I can’t imagine what crime she could be charged with.
[QUOTE=Wikipedia]
A person under the age of 21 may also be arrested, charged, and convicted of underage drinking through constructive possession, even if they had not consumed any alcohol, simply by being in the presence of alcohol.
[/QUOTE]
…
Just looked at a couple of legal advice sites and both say being within reach is not sufficient for constructive possession. Googled ‘charged with constructive possession’.
So it’s probably the luck of the draw.
I share everyone’s disdain for zero tolerance policies. However, in this case I think she deserves the punishment. She wasn’t pulled over giving her friend a ride home.
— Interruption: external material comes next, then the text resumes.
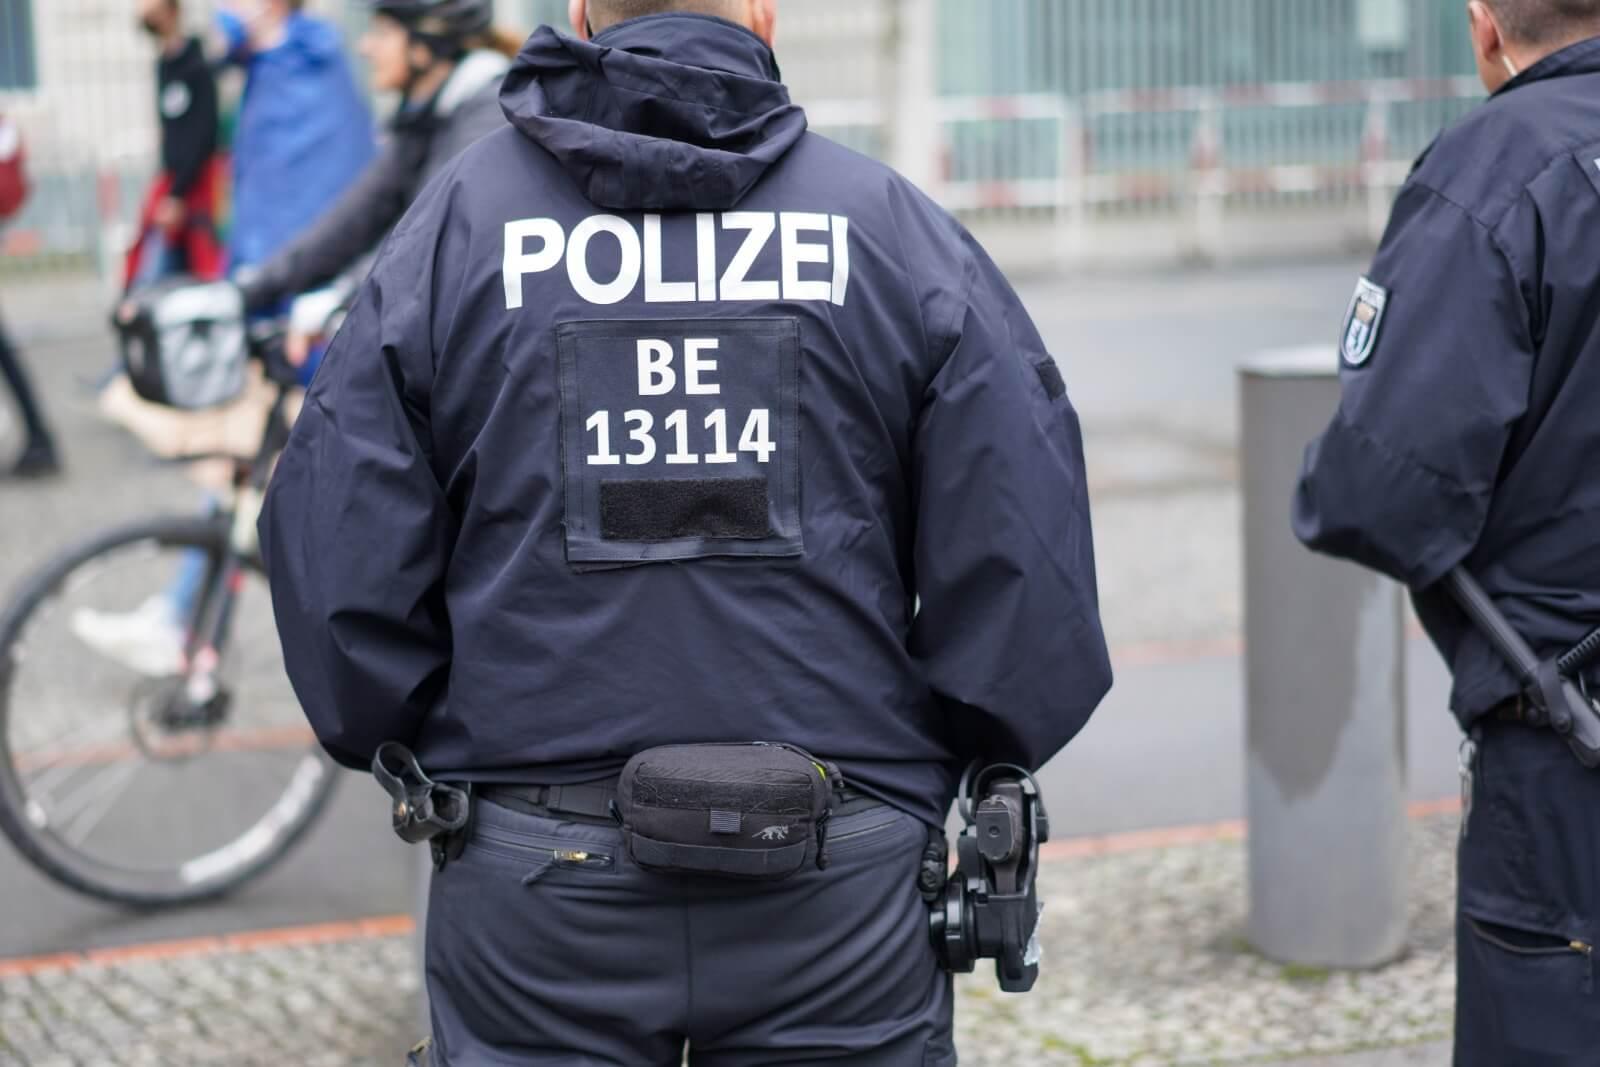 Die Polizei Berlin ruft die Bevölkerung, entgegen einer Behauptung auf Facebook, nicht dazu auf, Corona-Verstöße von Gaststätten zu melden.

She was in the party when it got busted up.
She claims that she was just there looking for her friend to give her a ride home, and it’s probably true. But the rules are you shouldn’t be at a party where alcohol is served, and she was. If she gets a pass with this story, every kid will simply claim they are just a designated driver to get off.
I think this was a case of unfortunate timing, and that sucks for her. But she went into the party where she knew alcohol was being served.
She should have had her friend waiting at the street to be picked up.
Also, her only punishment was missing five volleyball games? That’s hardly worth suing anyone over.
When I was a kid I got a five day suspension for fighting. My parents congratulated me and were proud of me, since the situation was I took on two kids my age who were beating up a much younger kid. He was in my patrol in Boy Scouts so I felt obligated to help him.
There’s right and there’s legal, and they aren’t always the same. But like I did this girl should just take her medicine. Her parents seem to be supporting her, just like mine did, so it’s all good.
Alright hoss, if you want to take Wiki’s word for it. Jurisdictional variances don’t exist anymore? That’s an awful shaky cite that you didn’t even link - so something tells me it’s not cut and dried as the quote would make it appear.
Plus, I’d love for some douchebag prosecutor to press this charge against my daughter. It’d be pretty easy to take it to the court of public opinion, and have their reputation hung from the stake.